Heart failure - acute and chronic Flashcards
What is heart failure?
Clinical syndrome that results from an inability of the heart to maintain adequate cardiac output. It is commonly secondary to ischaemic heart disease or hypertensive heart disease.
Characterised by progressive shortness of breath, fatigue and fluid overload. Unfortunately, HF is a progressive disorder associated with high morbidity and mortality.
What are the 4 ways to classify heart failure?
- Acute versus chronic
- Right-sided versus left-sided
- Systolic (HFrEF) versus diastolic (HFpEF)
- High output versus low output
Acute heart failure (AHF)
Is a life-threatening emergency. AHF is a term used to describe the sudden onset or worsening of the symptoms of heart failure. Thus it may present with or without a background history of pre-existing heart failure.
What are the most common causes of acute heart failure?
Include acute myocardial dysfunction, acute valvular, pericardial tamponade.
Acute heart failure may present suddenly with cardiogenic shock or sub acutely with decompensation of chronic heart failure.
What is chronic heart failure?
Due to progressive cardiac dysfunction from structural and/or functional cardiac abnormalities. There is a reduction in cardiac output and/or elevated intracardiac pressure at rest or on stress.
Chronic heart failure is characterised by progressive symptoms with episodes of acute deterioration.
Systolic heart failure
Refers to a reduction in the left ventricular ejection fraction (LVEF). In other words, the heart is pumping out a reduced proportion of the blood that fills its ventricles during diastole.
Diastolic heart failure
Refers to impaired ventricular relaxation or filling. The contraction during systole is unaffected, which means the LVEF is preserved. This leads to the term heart failure with preserved ejection fraction or HFpEF.
What complications arise from diastolic heart faiure?
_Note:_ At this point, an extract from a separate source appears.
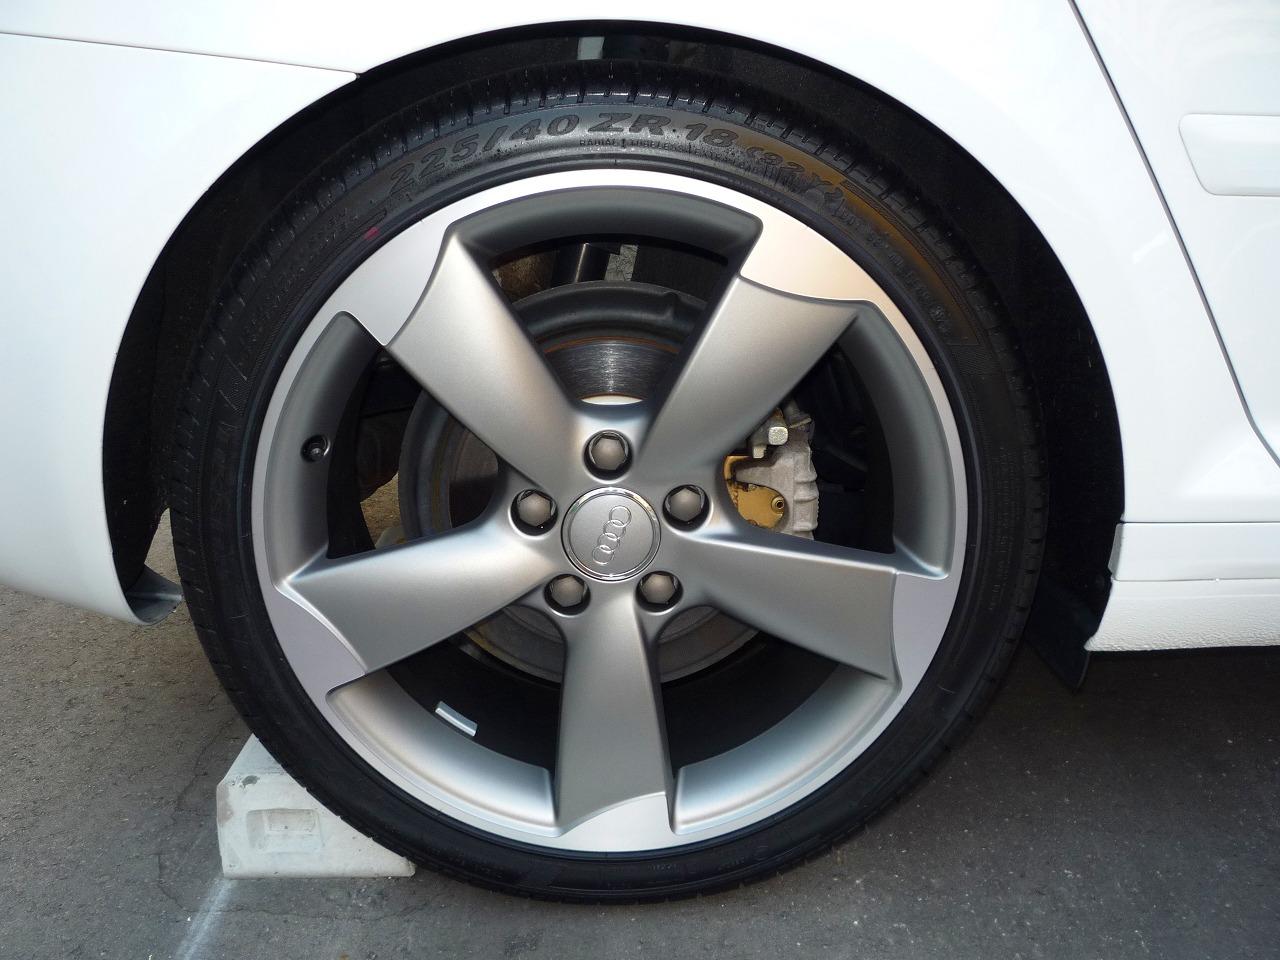 A3Audi純正(アウディ) 5 Arm Rotor Wheelの単体画像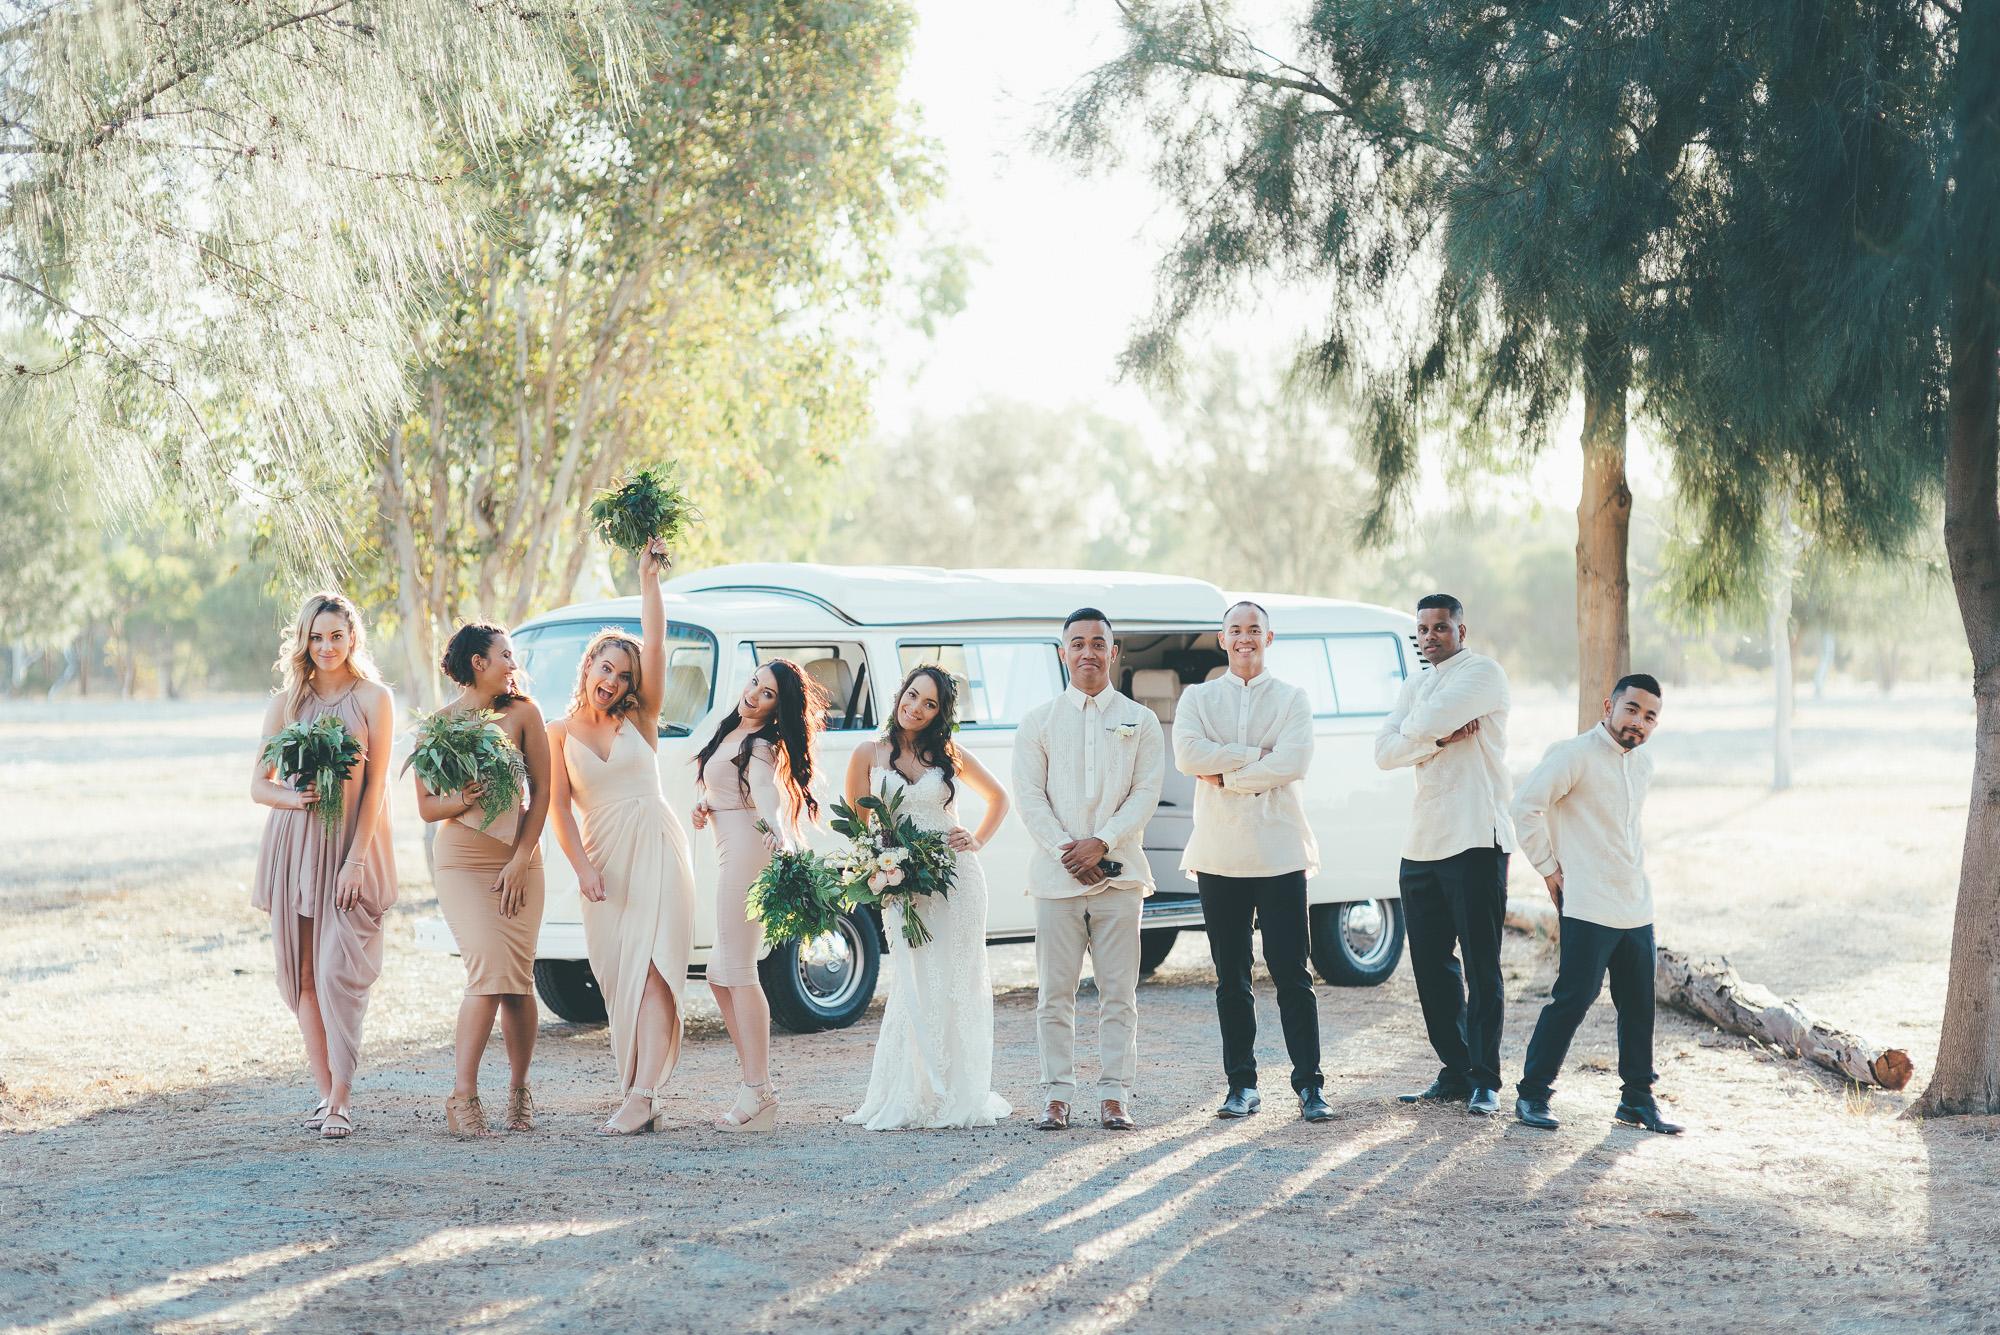 wedding-photographer-outdoor-casual-styled-los-angeles-australia-california-international-earthbound -56.jpg

Ventricular hypertrophy tends to develop, and diastolic heart failure is characterised by concentric remodelling.
What complications arise from systolic heart faiure?
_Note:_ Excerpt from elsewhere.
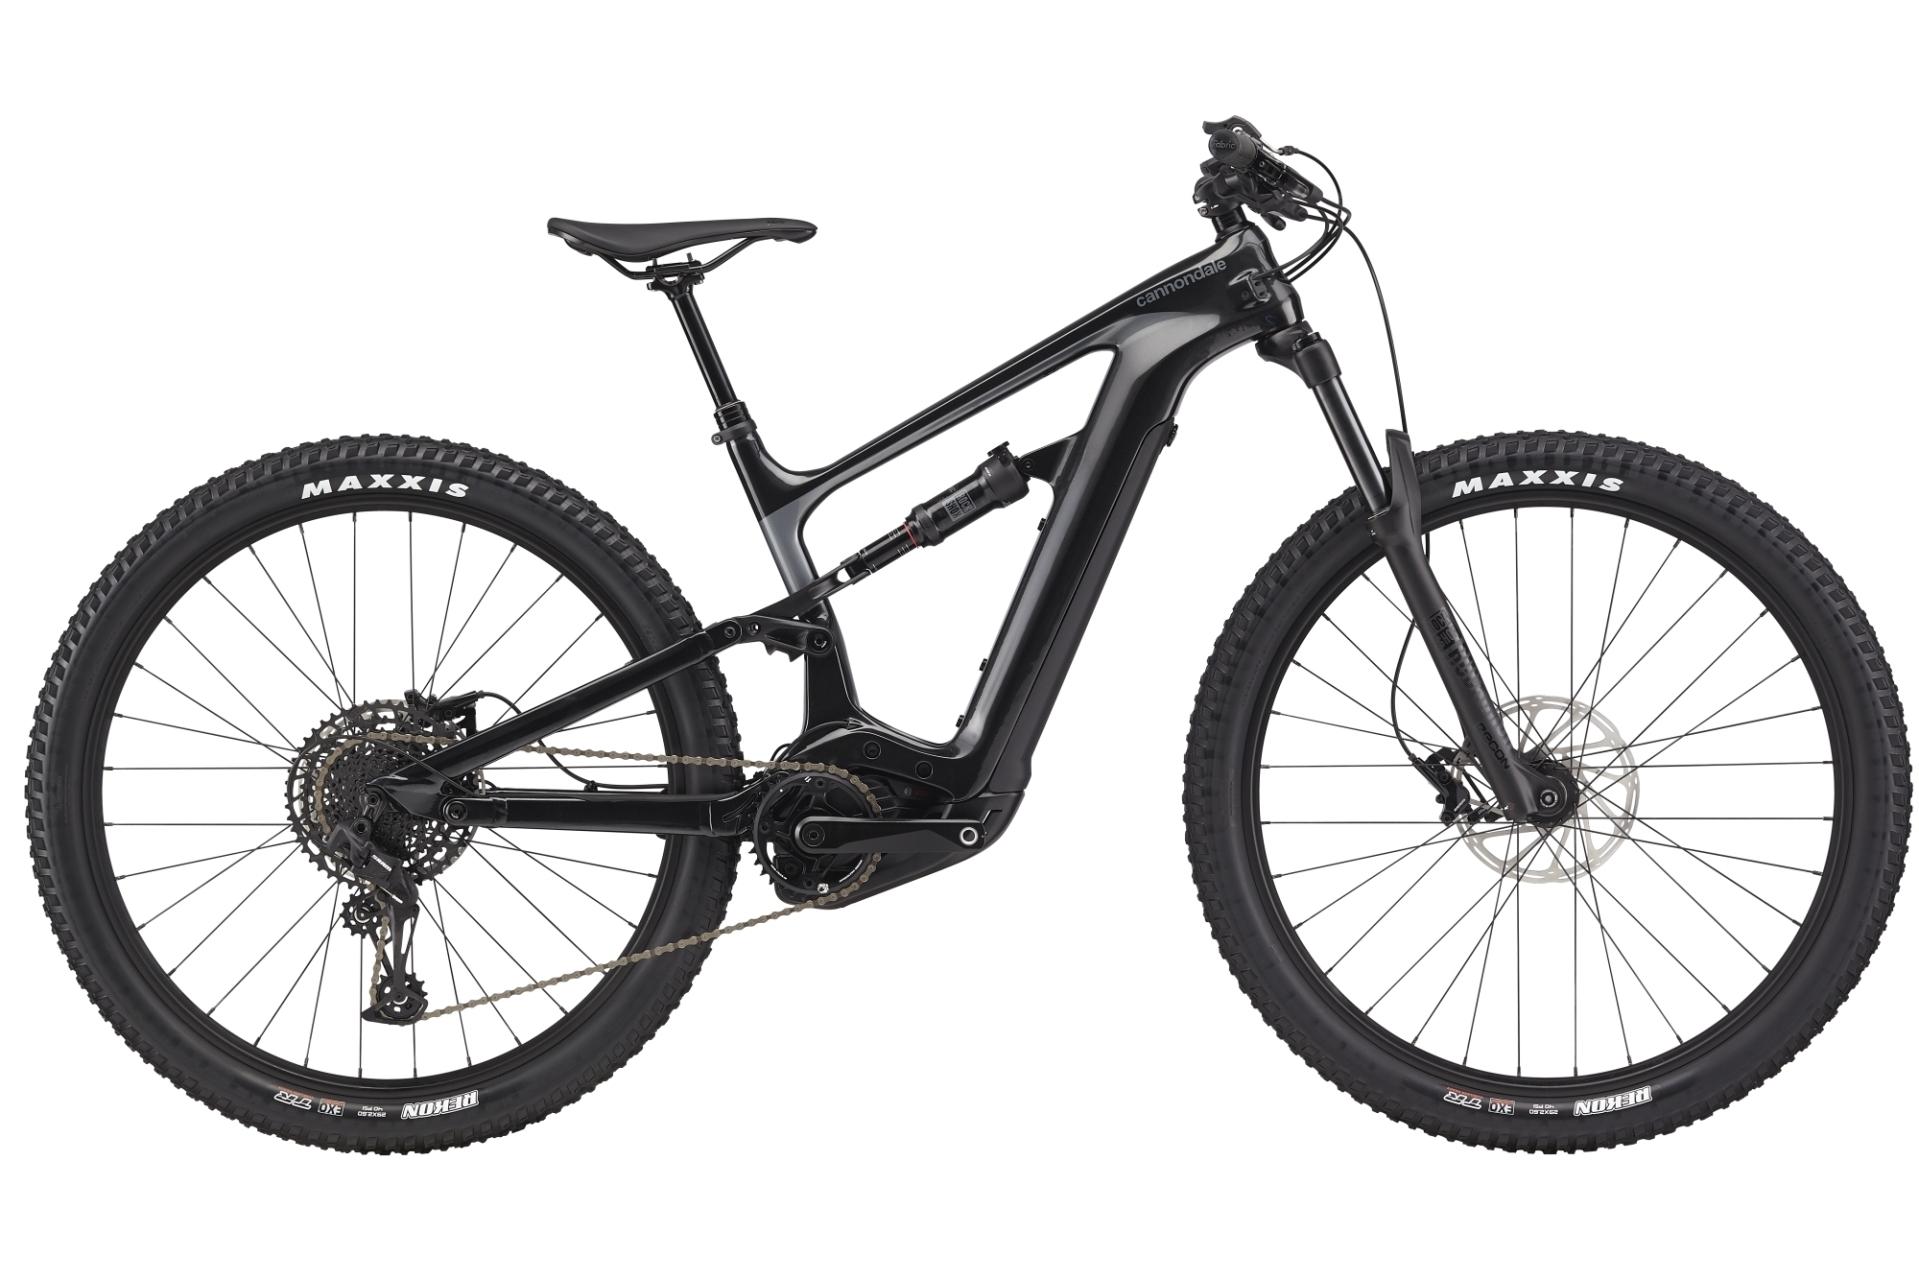 Cannondale Habit Neo 4 Trail pedelec kerékpár - fekete - XL (2020)

The increase in blood at the end of systole leads to ventricular stretch, dilatation, and eccentric remodelling.
Cardiac remodelling
Refers to changes in cardiac size, shape and function in response to cardiac injury or increased load (e.g. exercise).
Pathological remodelling may occur after conditions such as myocardial infarction or cardiomyopathy. The type of remodelling may predispose to systolic or diastolic heart failure.
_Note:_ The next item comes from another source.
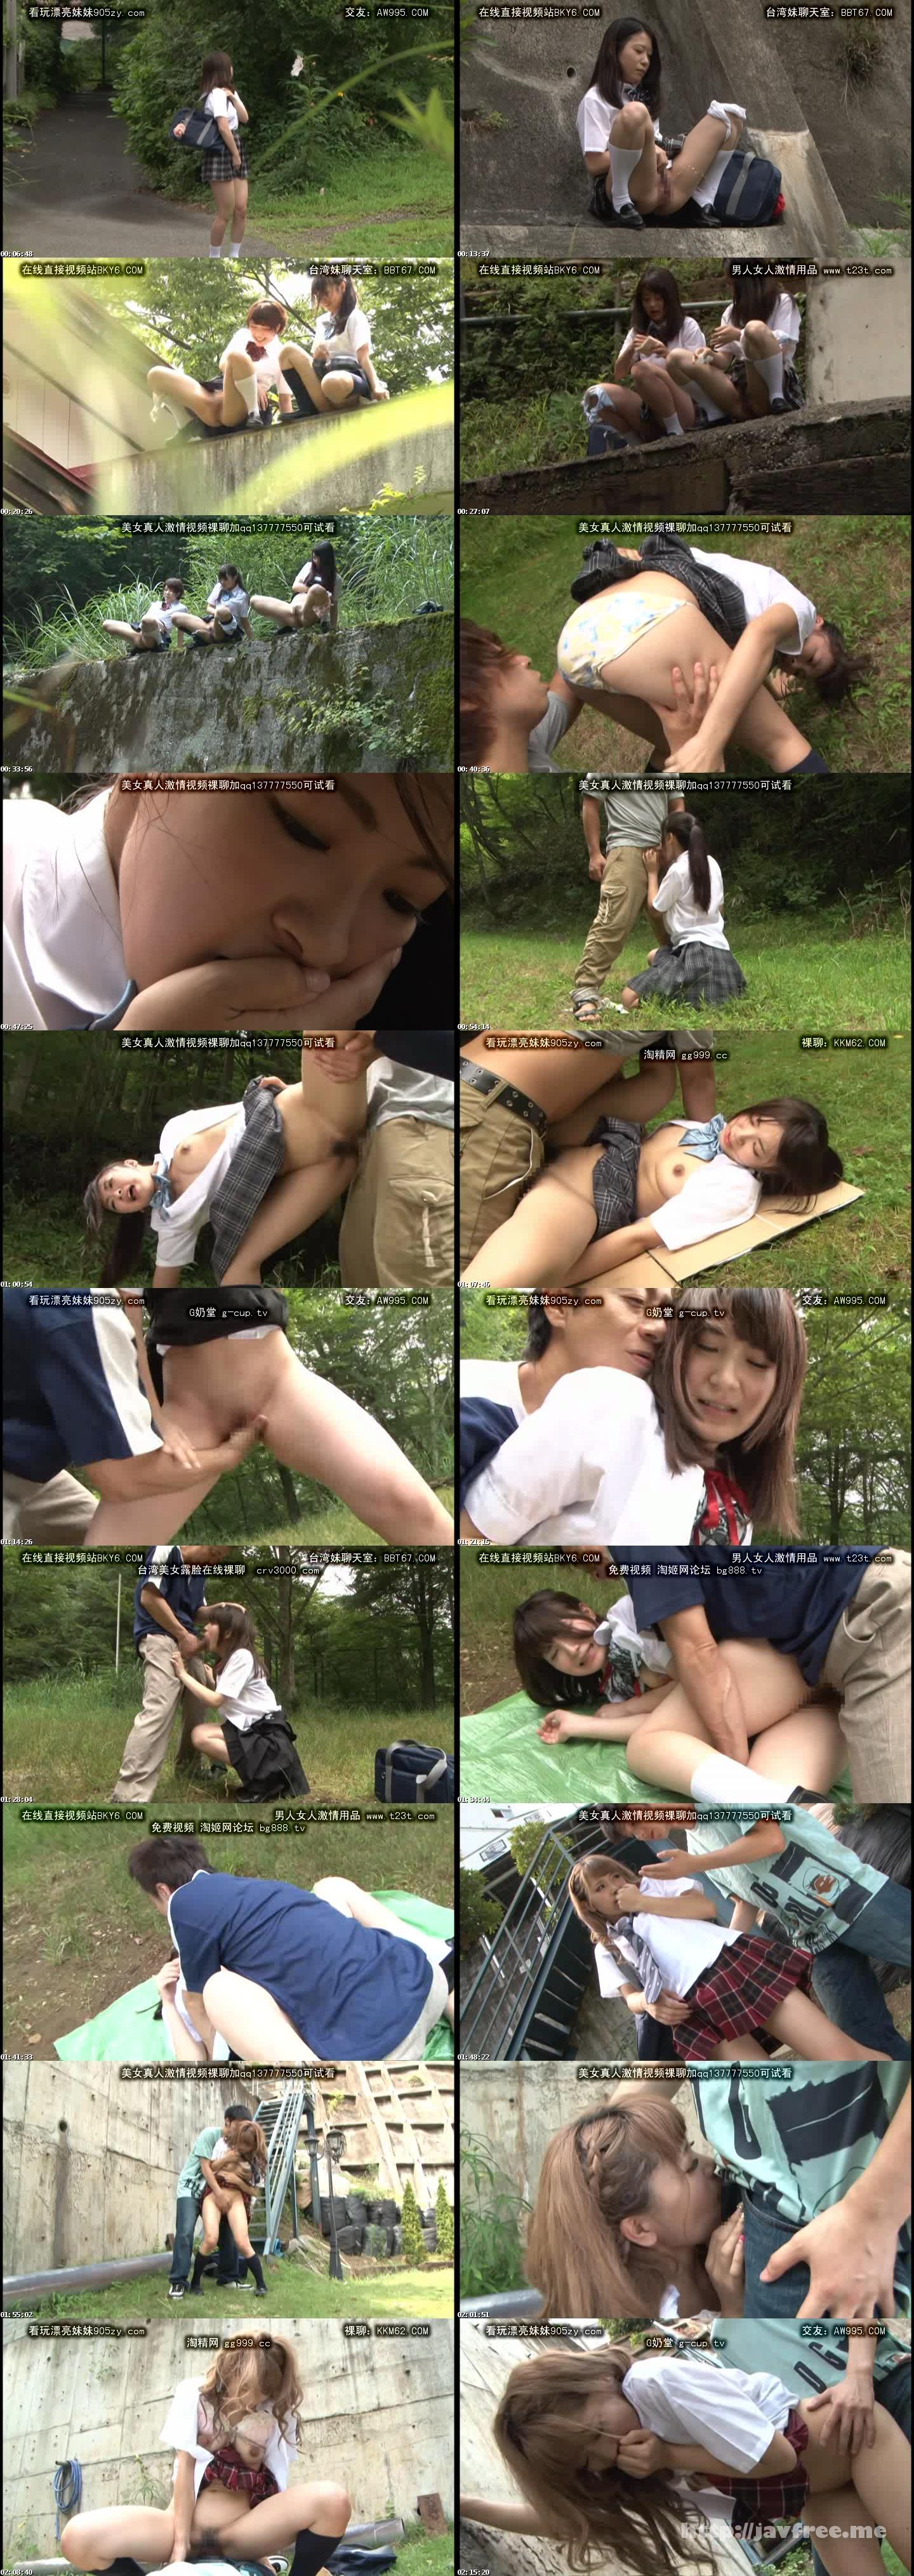 [FSET-581] 下校中に野ションする女子校生 - image FSET-581 on https://javfree.me

What is congestive heart failure?
The combination of left and right failure is known as congestive cardiac failure.
Left-sided heart failure
Most common form of heart failure that is associated with a reduced or preserved pumping function of the left ventricle. Advanced left-sided heart failure commonly causes right-sided failure due to increased intrathoracic pressure and pulmonary hypertension
Right-sided heart failure
Commonly occurs as a result of advanced left-sided failure.
Primary right-sided heart failure is uncommon and broadly related to three categories:
- Pulmonary hypertension
- Pulmonary/Tricuspid valve disease
- Pericardial disease
Stroke volume
the amount of blood pumped out of the heart from each contraction.
Cardiac output
the amount of blood pumped out of the heart in one minute, equivalent to HR x SV.
Preload
stretching of cardiomyocytes at the end of diastole.
Afterload
pressure or load against which the ventricles must contract.
Ionotropy
refers to myocardial contractility (i.e. the force of muscular contractions).
Frank starling Law
The relationship between ventricular stretching and contractility. Essentially stretching of cardiac muscle (within physiological limits) will increase the force of contraction.
MAP equation
MAP = diastolic blood pressure + 1/3rd of the pulse pressure
MAP = CO x SVR MAP = SV x HR x SVR
Pulse pressure is the difference between systolic and diastolic blood pressure.